Public surface (waku/persistency/persistency.nim):
  Persistency.instance(rootDir) / Persistency.instance() / Persistency.reset()
  p.openJob(id) / p.closeJob(id) / p.dropJob(id) / p.close()
  p.job(id) / p[id] / p.hasJob(id)
  Writes (Job form & string-id form, fire-and-forget):
    persist / persistPut / persistDelete / persistEncoded
  Reads (Job form & string-id form, async Result):
    get / exists / scan / scanPrefix / count / deleteAcked

Key & payload encoding (keys.nim, payload.nim):
  * encodePart family + variadic key(...) / payload(...) macros +
    single-value toKey / toPayload.
  * Primitives: string and openArray[byte] are 2-byte BE length + bytes;
    int{8..64} are sign-flipped 8-byte BE; uint{16..64} are 8-byte BE;
    bool/byte/char are 1 byte; enums are int64(ord(v)).
  * Generic encodePart[T: tuple | object] recurses through fields() so
    any composite Nim type is encodable without ceremony.
  * Stable across Nim/C compiler upgrades: no sizeof, no memcpy, no
    cast on pointers, no host-endianness dependency.
  * `rawKey(bytes)` + `persistPut(..., openArray[byte])` let callers
    bypass the built-in encoder with their own format (CBOR, protobuf...).

Lifecycle:
  * Persistency.new is private; Persistency.instance is the only public
    constructor. Same rootDir is idempotent; conflicting rootDir is
    peInvalidArgument.
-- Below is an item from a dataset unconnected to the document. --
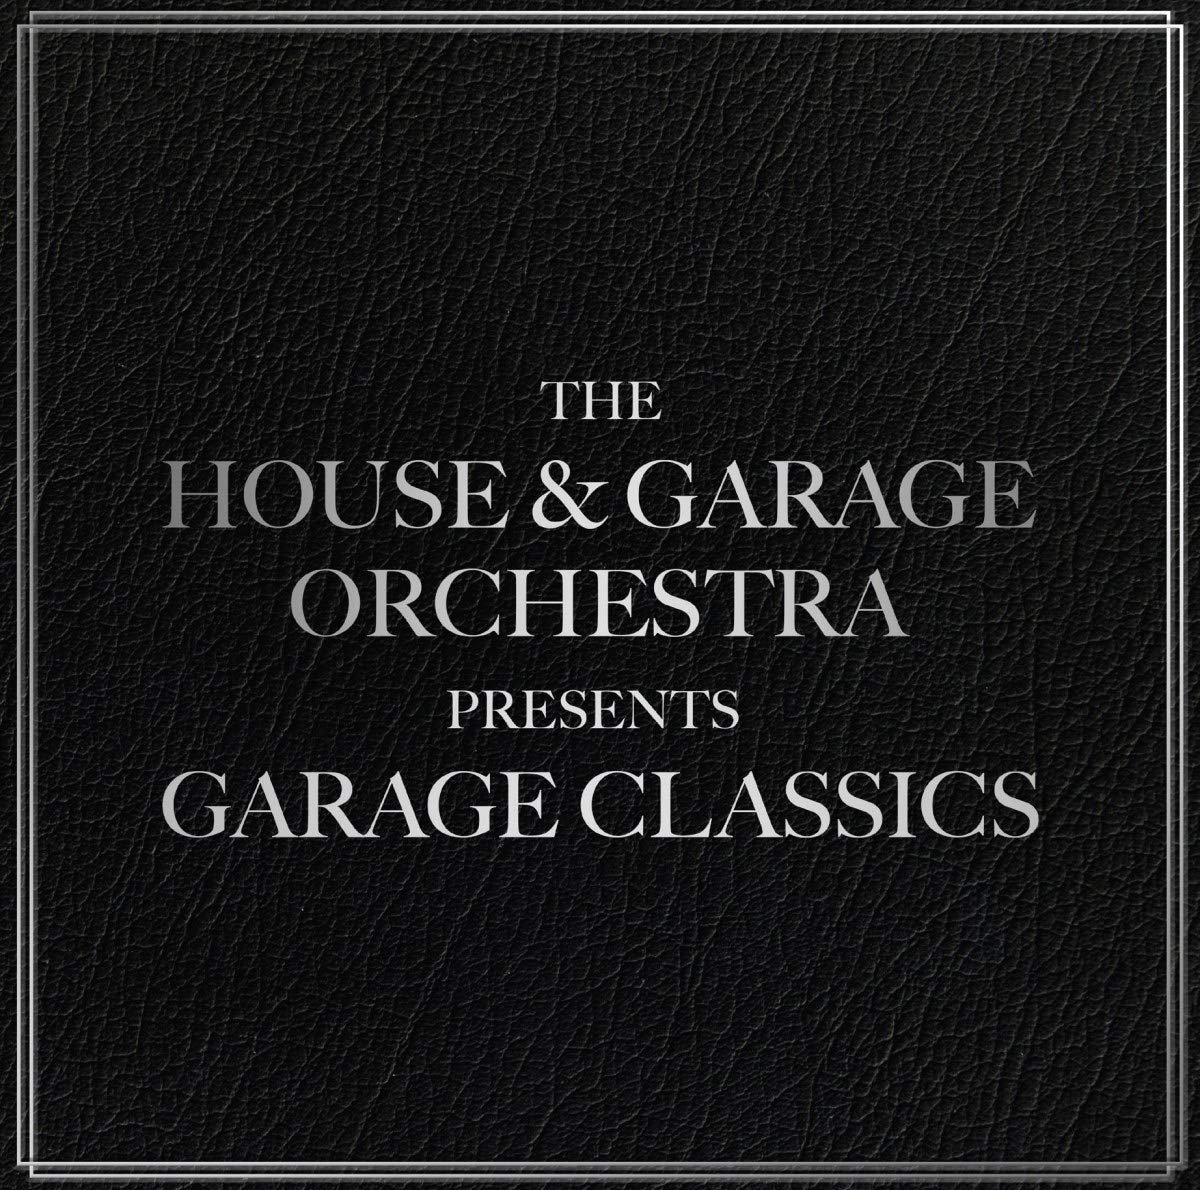 CD : House & Garage Orchestra - Garage Classics (United Kingdom - Import)

Persistency.reset for test/restart paths.
  * openJob opens-or-creates the per-job SQLite file; an existing file
    is reused with its data preserved.
  * Teardown integration: Persistency.instance registers a Teardown
    MultiRequestBroker provider that closes all jobs and clears the
    singleton slot when Waku.stop() issues Teardown.request.

Internal layering:
  types.nim          pure value types (Key, KeyRange, KvRow, TxOp,
                     PersistencyError)
  keys.nim           encodePart primitives + key(...) macro
  payload.nim        toPayload + payload(...) macro
  schema.nim         CREATE TABLE + connection pragmas + user_version
  backend_sqlite.nim KvBackend, applyOps (single source of write SQL),
                     getOne/existsOne/deleteOne, scanRange (asc/desc,
                     half-open ranges, open-ended stop), countRange
  backend_comm.nim   EventBroker(mt) PersistEvent + 5 RequestBroker(mt)
                     declarations; encodeErr/decodeErr boundary helpers
  backend_thread.nim startStorageThread / stopStorageThread (shared
                     allocShared0 arg, cstring dbPath, atomic
                     ready/shutdown flags); per-thread provider
                     registration
  persistency.nim    Persistency + Job types, singleton state, public
                     facade
  ../requests/lifecycle_requests.nim
                     Teardown MultiRequestBroker

Tests (69 cases, all passing):
  test_keys.nim          sort-order invariants (length-prefix strings,
                         sign-flipped ints, composite tuples, prefix
                         range)
  test_backend.nim       round-trip / replace / delete-return-value /
                         batched atomicity / asc-desc-half-open-open-
                         ended scans / category isolation / batch
                         txDelete
  test_lifecycle.nim     open-or-create rootDir / non-dir collision /
                         reopen across sessions / idempotent openJob /
                         two-tenant parallel isolation / closeJob joins
                         worker / dropJob removes file / acked delete
  test_facade.nim        put-then-get / atomic batch / scanPrefix
                         asc/desc / deleteAcked hit-miss /
                         fire-and-forget delete / two-tenant facade
                         isolation
  test_encoding.nim      tuple/named-tuple/object keys, embedded Key,
                         enum encoding, field-major composite sort,
                         payload struct encoding, end-to-end struct
                         round-trip through SQLite
  test_string_lookup.nim peJobNotFound semantics / hasJob / subscript /
                         persistPut+get via id / reads short-circuit /
                         writes drop+warn / persistEncoded via id /
                         scan parity Job-ref vs id
  test_singleton.nim     idempotent same-rootDir / different-rootDir
                         rejection / no-arg instance lifecycle / reset
                         retargets / reset idempotence / Teardown.request
                         end-to-end

Prerequisite delivered in the same series: replace the in-tree broker
implementation with the external nim-brokers package; update all
broker call-sites (waku_filter_v2, waku_relay, waku_rln_relay,
delivery_service, peer_manager, requests/*, factory/*, api tests, etc.)
to the new package API; chat2 made to compile again.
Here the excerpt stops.